_INSTRUCTIONS TO FOLLOW_
Please output the data exactly, minus pictures.

_STORED DATA_
□ □ □ □

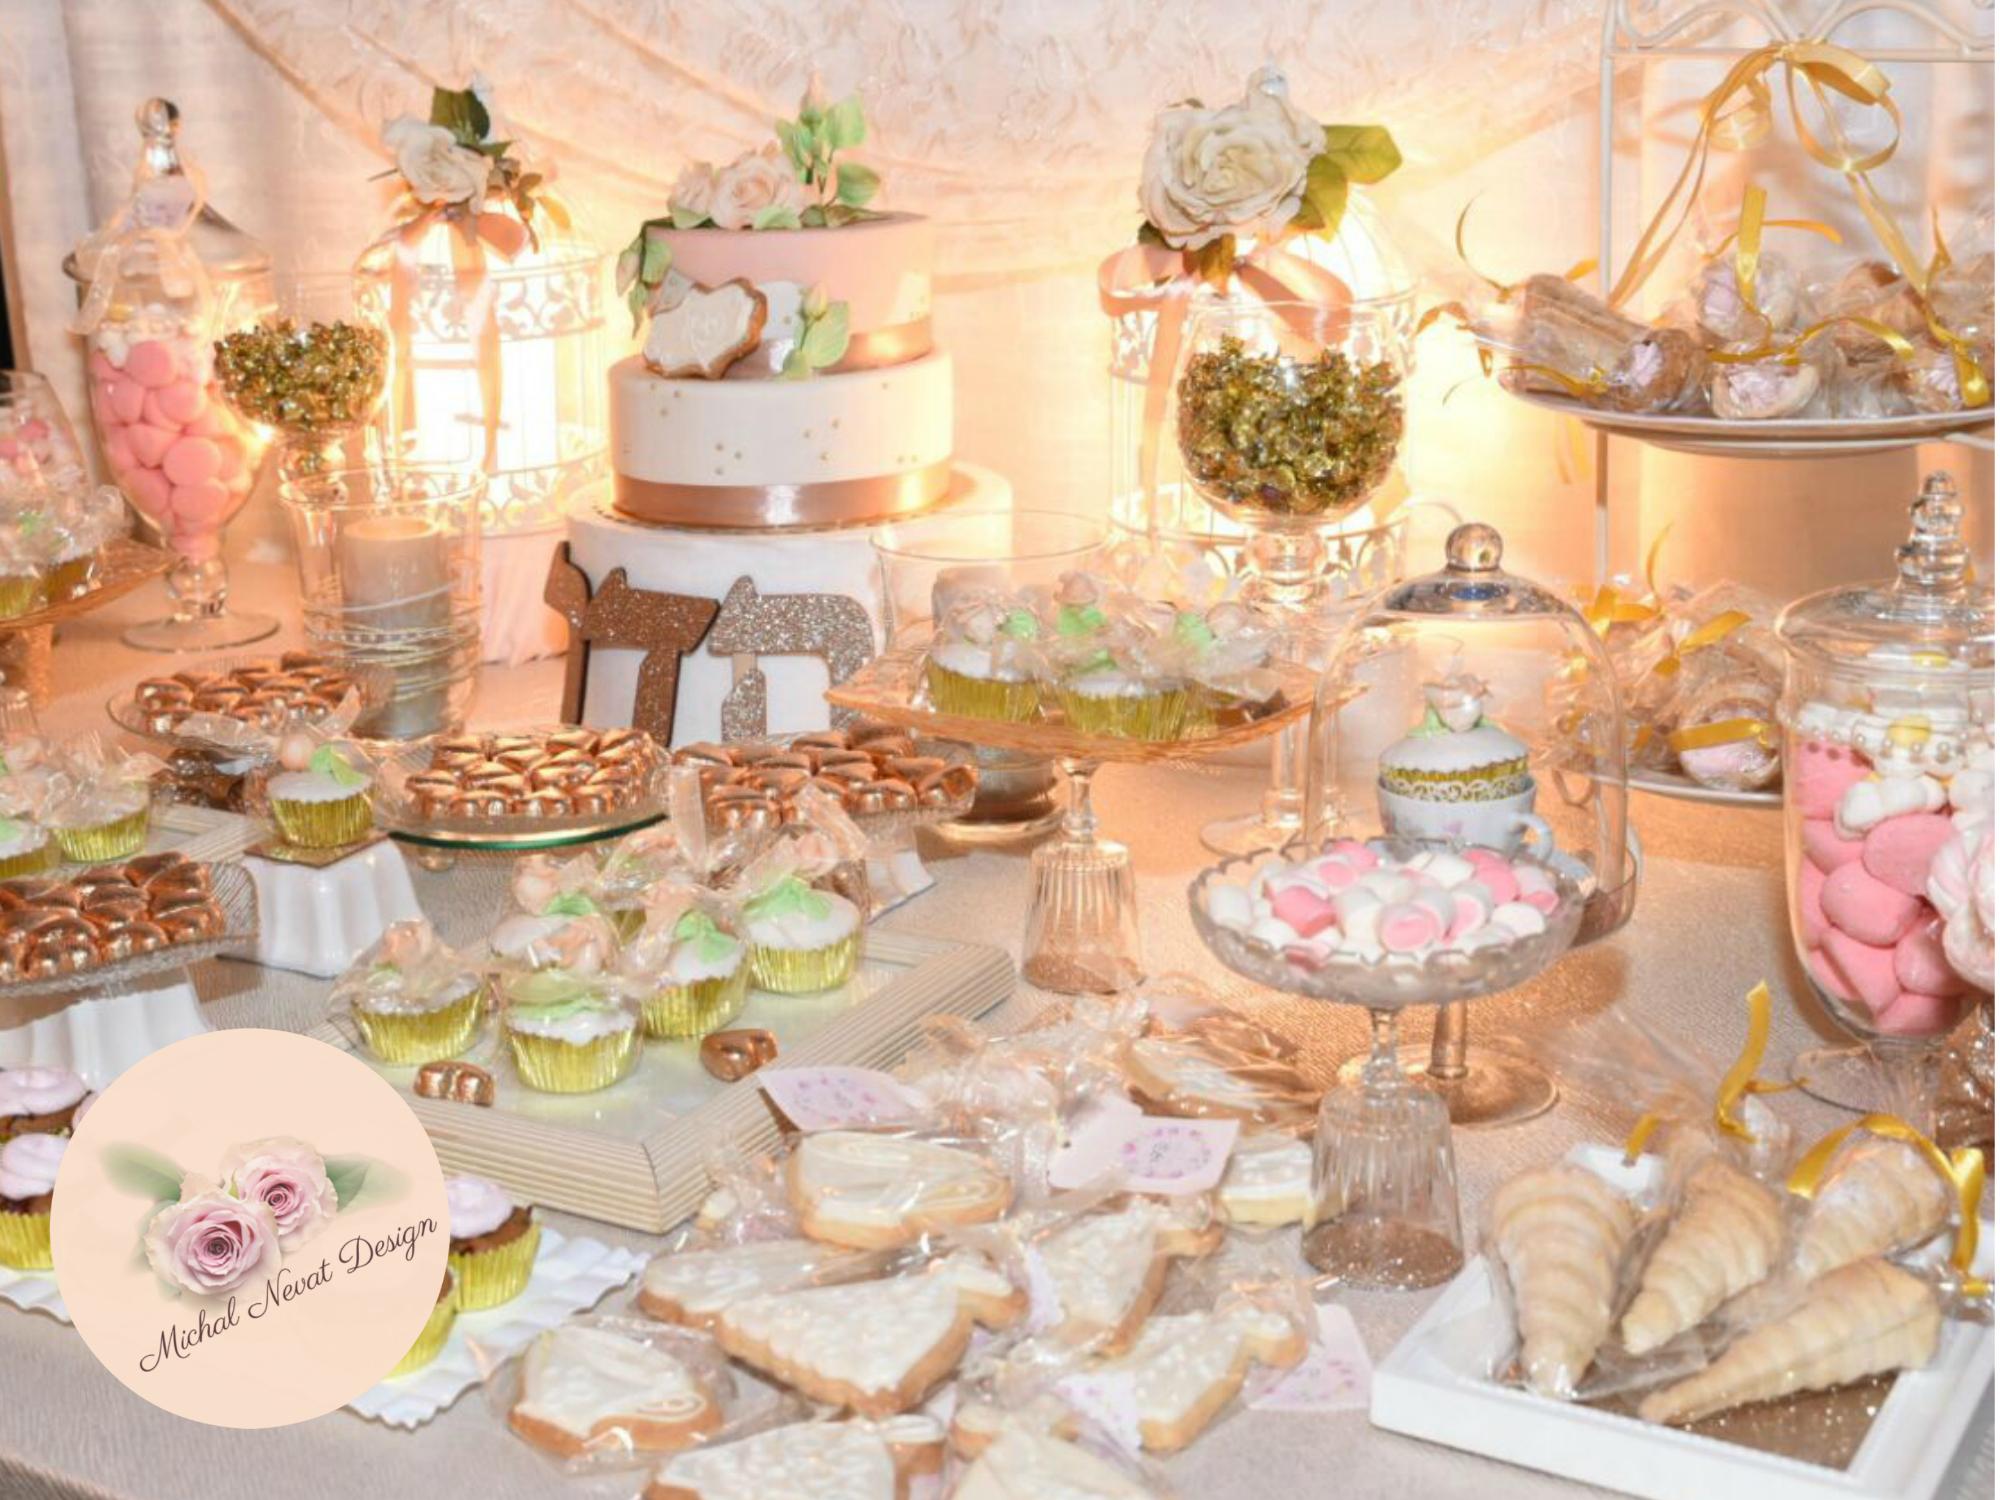 שולחן בר מתוק ליומולדת בנות, שולחן מתוק לבת מצווה
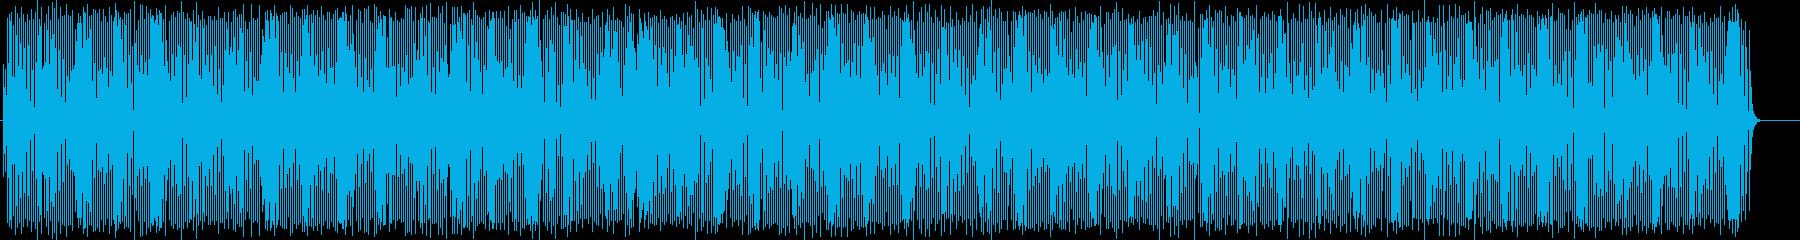 クッキング-雑談-CM-可愛い-おもちゃの再生済みの波形
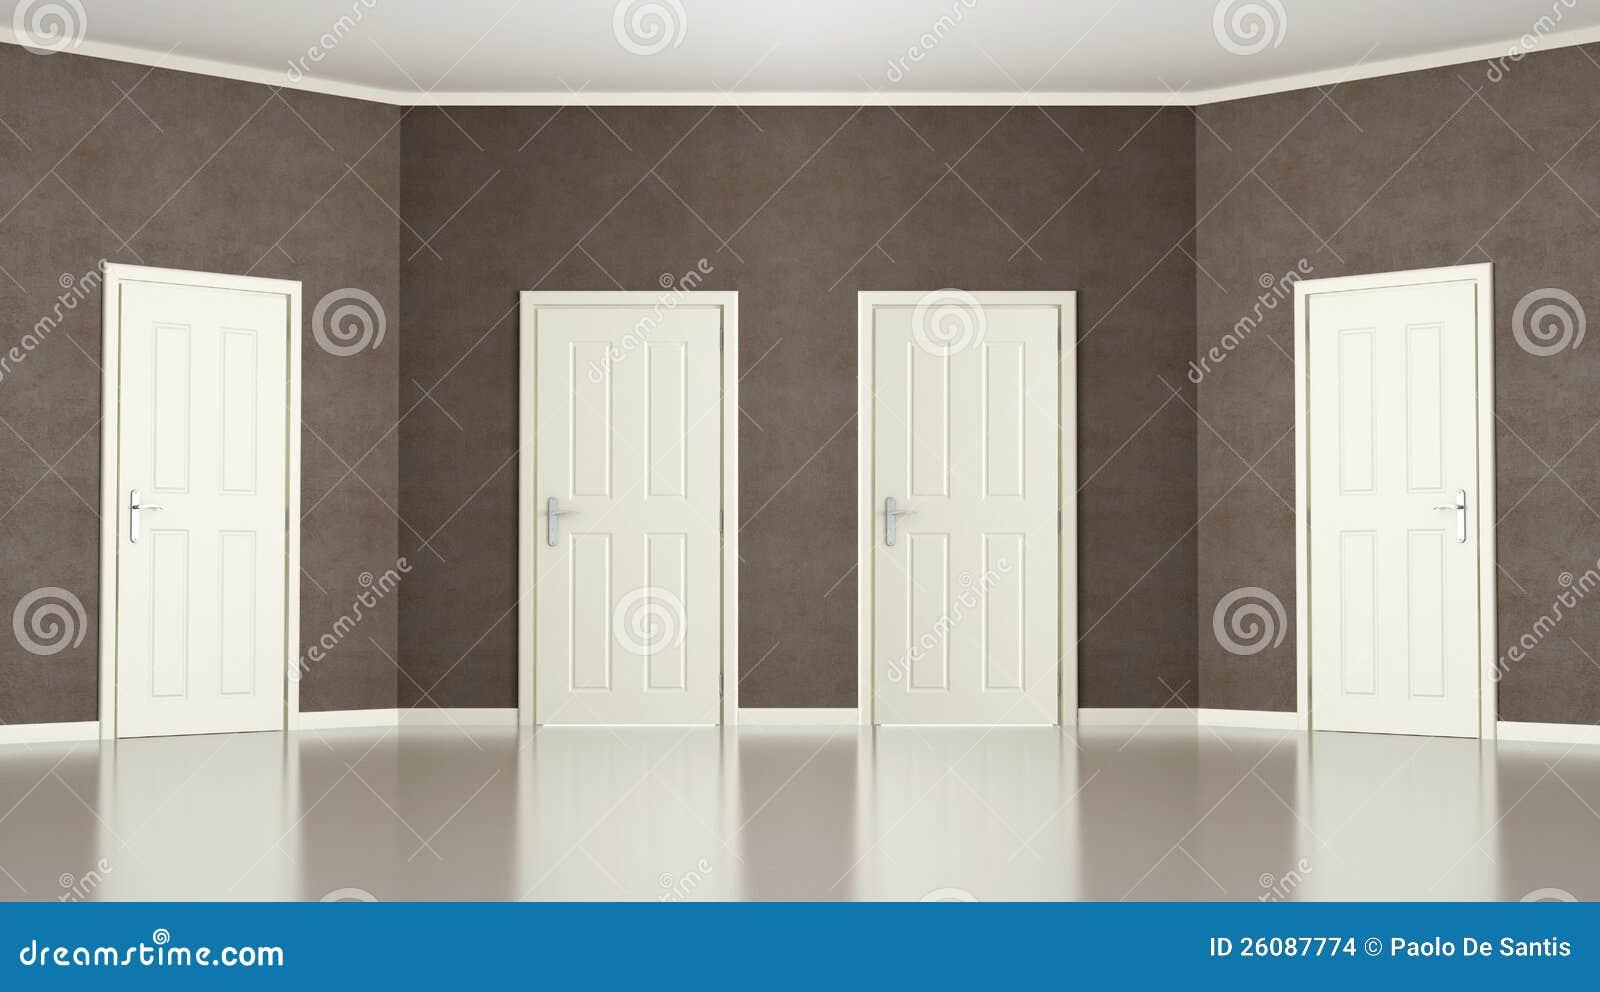 Stock Room Doors : Brown empty room with four doors stock illustration
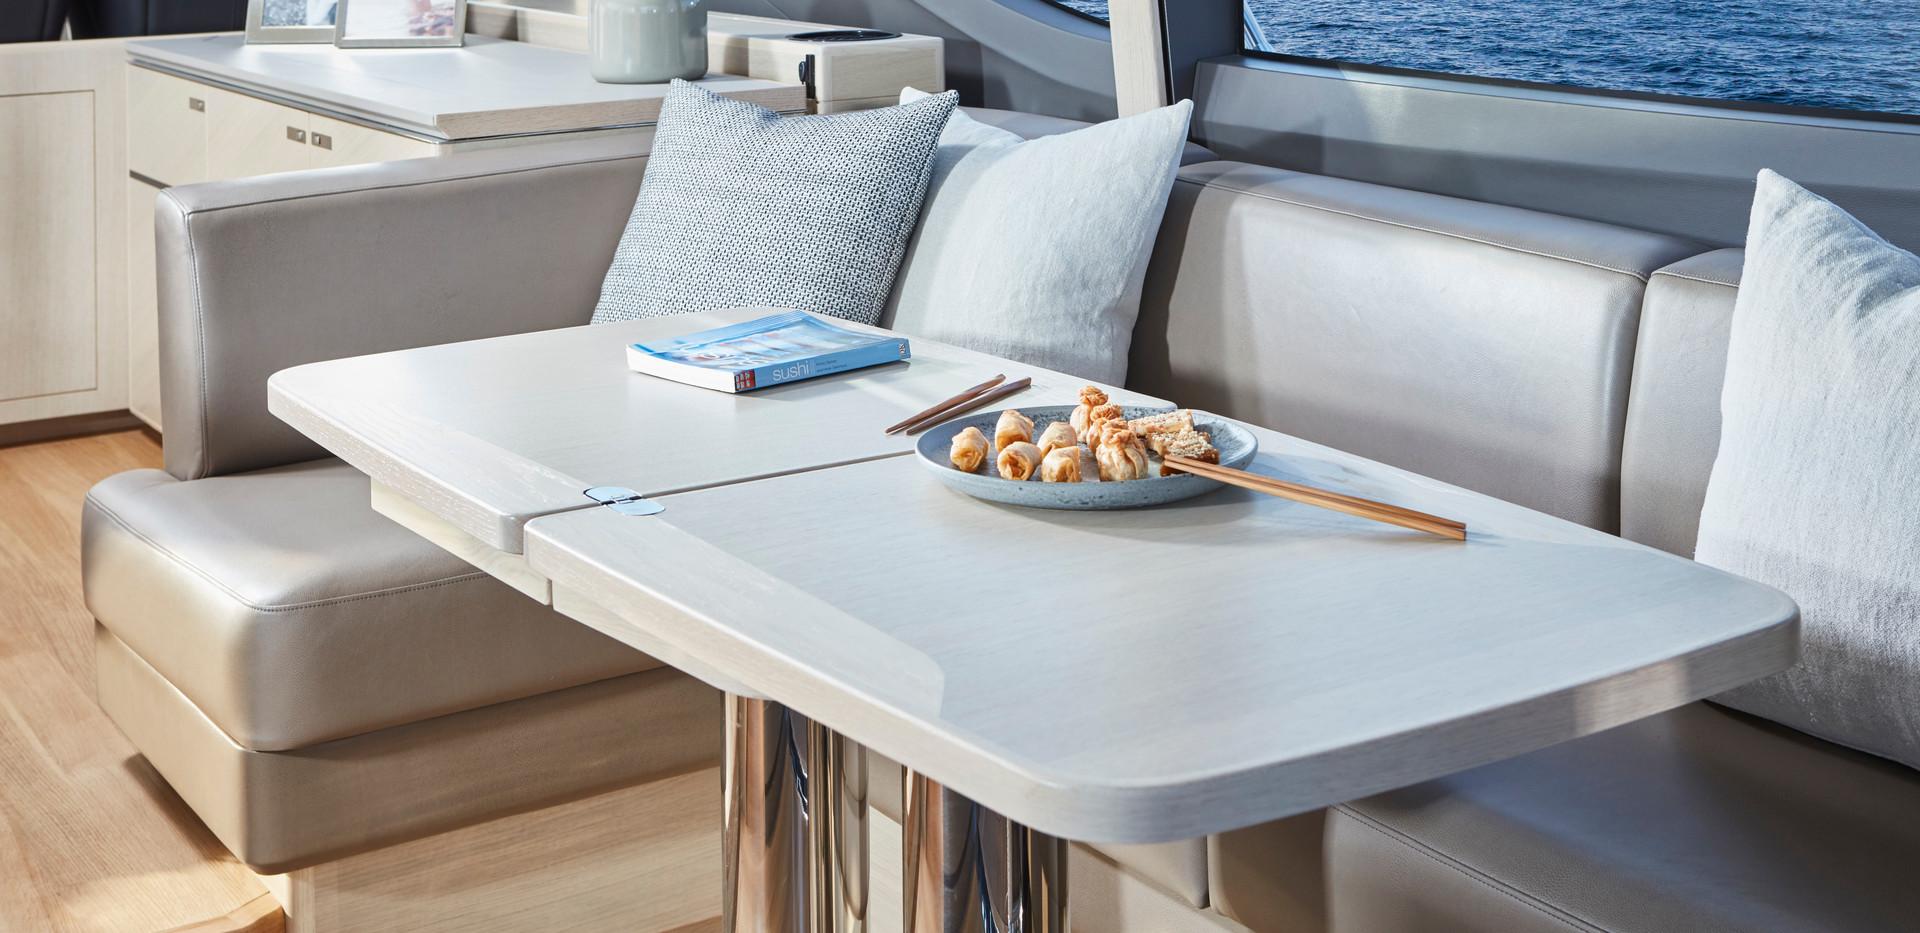 v60-interior-dining-area-alba-oak-satinA

□ □ □ □

_RESULT OF THE EXERCISE_
 שולחן בר מתוק ליומולדת בנות, שולחן מתוק לבת מצווה
 クッキング-雑談-CM-可愛い-おもちゃの再生済みの波形
 Stock Room Doors : Brown empty room with four doors stock illustration
 v60-interior-dining-area-alba-oak-satinA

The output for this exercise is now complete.